Scientific classification
- Kingdom: Animalia
- Phylum: Chordata
- Class: Reptilia
- Order: Squamata
- Suborder: Serpentes
- Family: Colubridae
- Genus: Thamnophis
- Species: T. melanogaster
- Binomial name: Thamnophis melanogaster (Peters, 1864)

= Blackbelly garter snake =

- Genus: Thamnophis
- Species: melanogaster
- Authority: (Peters, 1864)
- Conservation status: EN

Species of snake

The blackbelly garter snake (Thamnophis melanogaster) is a species of snake of the family Colubridae. It is found in Mexico.

==Authority==
First described as Tropidonotus melanogaster by Peters in 1864, this species is now recognized as Thamnophis melanogaster.

==Geographic range==
It is found on the Central Mexican Plateau at elevations between 1,158 and 2,545 m above sea level.

==Description==
The dorsal color of these snakes may be brown, olive green, gray, red, orange, or pink. Ventral colors include the same as the dorsal, with the addition of yellow. Dorsal patterns may include stripes and there is typically a black stripe running down the center of the belly, which explains both the common and scientific names for this species. There is little or no difference in size between the sexes of Blackbelly garter snakes.

==Habitat==
This is a terrestrial species that occurs in temperate habitats.
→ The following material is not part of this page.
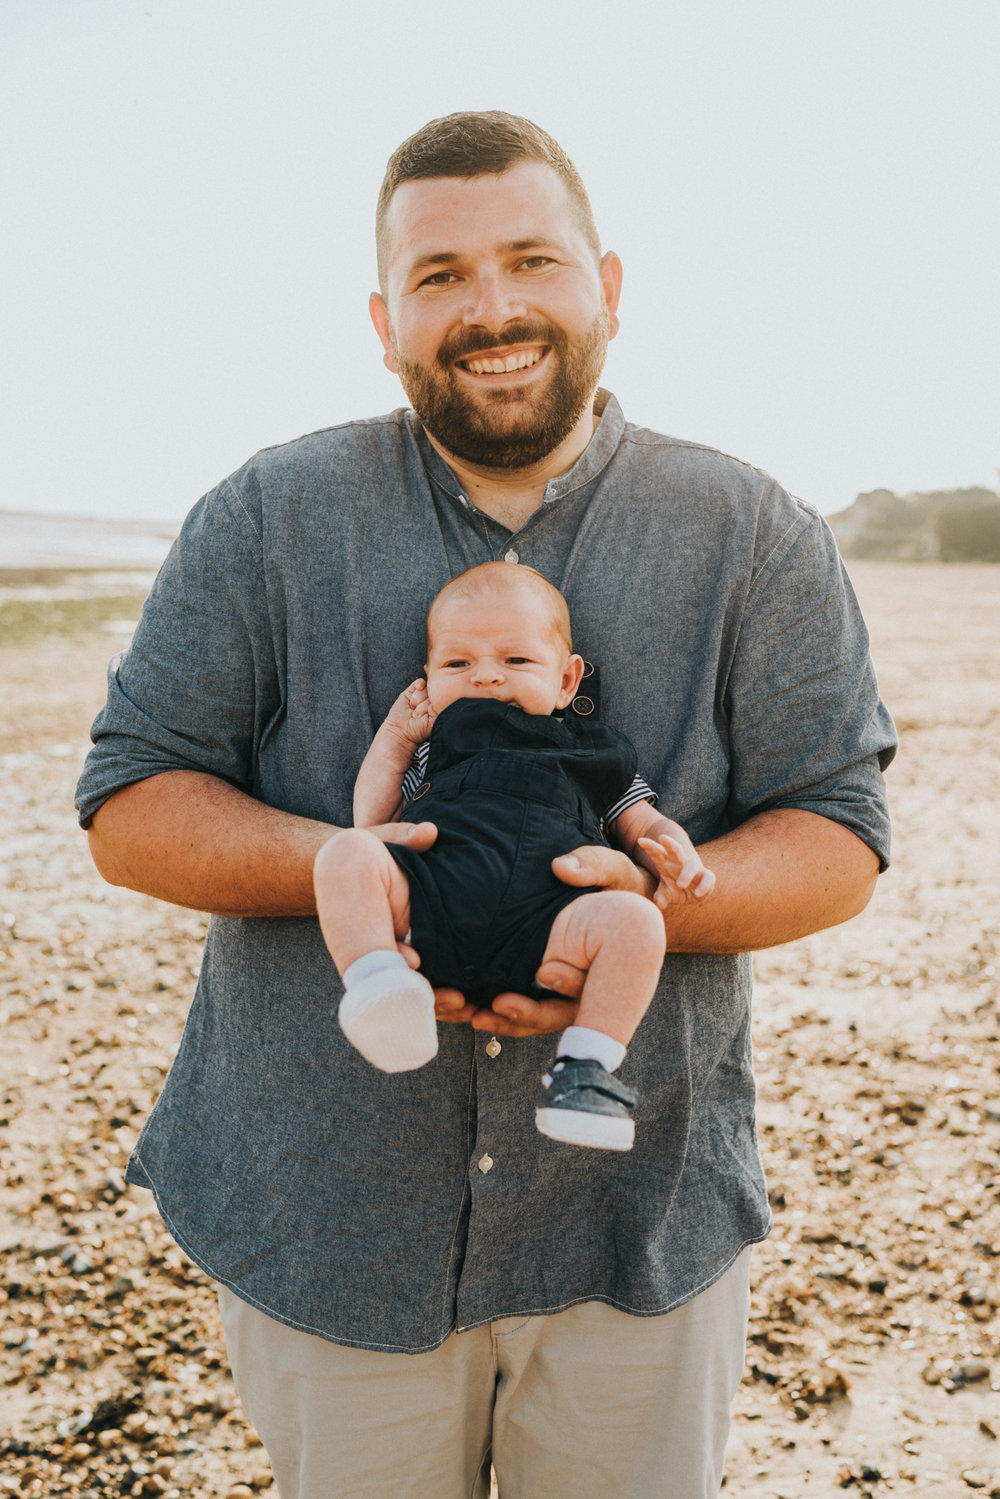 Newborn-Baby-Cooper-Grace-Elizabeth-Alternative-Wedding-Photographer-Colchester-Essex-Mersea-Island-32.jpg

Although it lives on land, it has not been found more than 15 m from a body of water.

==Reproduction==
Blackbelly garter snakes are ovoviviparous.

==Diet==
These snakes feed exclusively under water and they are the only known Thamnophis to prey on soft-bodied crayfish. They have a highly variable diet that also includes fish, frogs, tadpoles, leeches, and earthworms. Good underwater vision and chemical cues help the snakes find and capture their prey.

==Subspecies==
Four subspecies are known:
- gray blackbelly garter snake, T. m. canescens Smith, 1942
- Chihuahuan blackbelly garter snake, T. m. chihuahuaensis Tanner, 1959
- lined blackbelly garter snake, T. m. linearis Smith, Nixon & Smith, 1950
- Mexican blackbelly garter snake, T. m. melanogaster (Wiegmann, 1830)

==Etymology==
The specific name melanogaster is composed of two Greek words, melanos, which means black and gaster, which means belly.

==Bibliography==
- Manjarrez Javier, Macias Garcia Constantino, Drummond Hugh (2013). "Variation in the Diet of the Mexican Black-bellied Gartersnake Thamnophis melanogaster: Importance of Prey Availability and Snake Body Size"
- Gregory T. G., Gregory L. A., Macartney J. M. (1983). "Color pattern variation in Thamnophis melanogaster"
- Peters, W. 1864. Über einige neue Säugethiere (Mormops, Macrotus, Vesperus, Molossus, Capromys), Amphibien (Plathydactylus, Otocryptis, Euprepes, Ungalia, Dromicus, Tropidonotus, Xenodon, Hylodes), und Fische Sillago, Sebastes, Channa, Myctophum, Carassius, Barbus, Mber. k. preuss. Akad. Wiss. Berlin [1864]: 381–399.
- Wiegmann, A. F. A. 1830. Preisverzeichnis der Säugethiere, Vögel, Amphibien, Fische und Krebse, welche von Hrn Deppe und Schiede in Mexico gesammelt worden. Berlin, 1.Sept. 1930.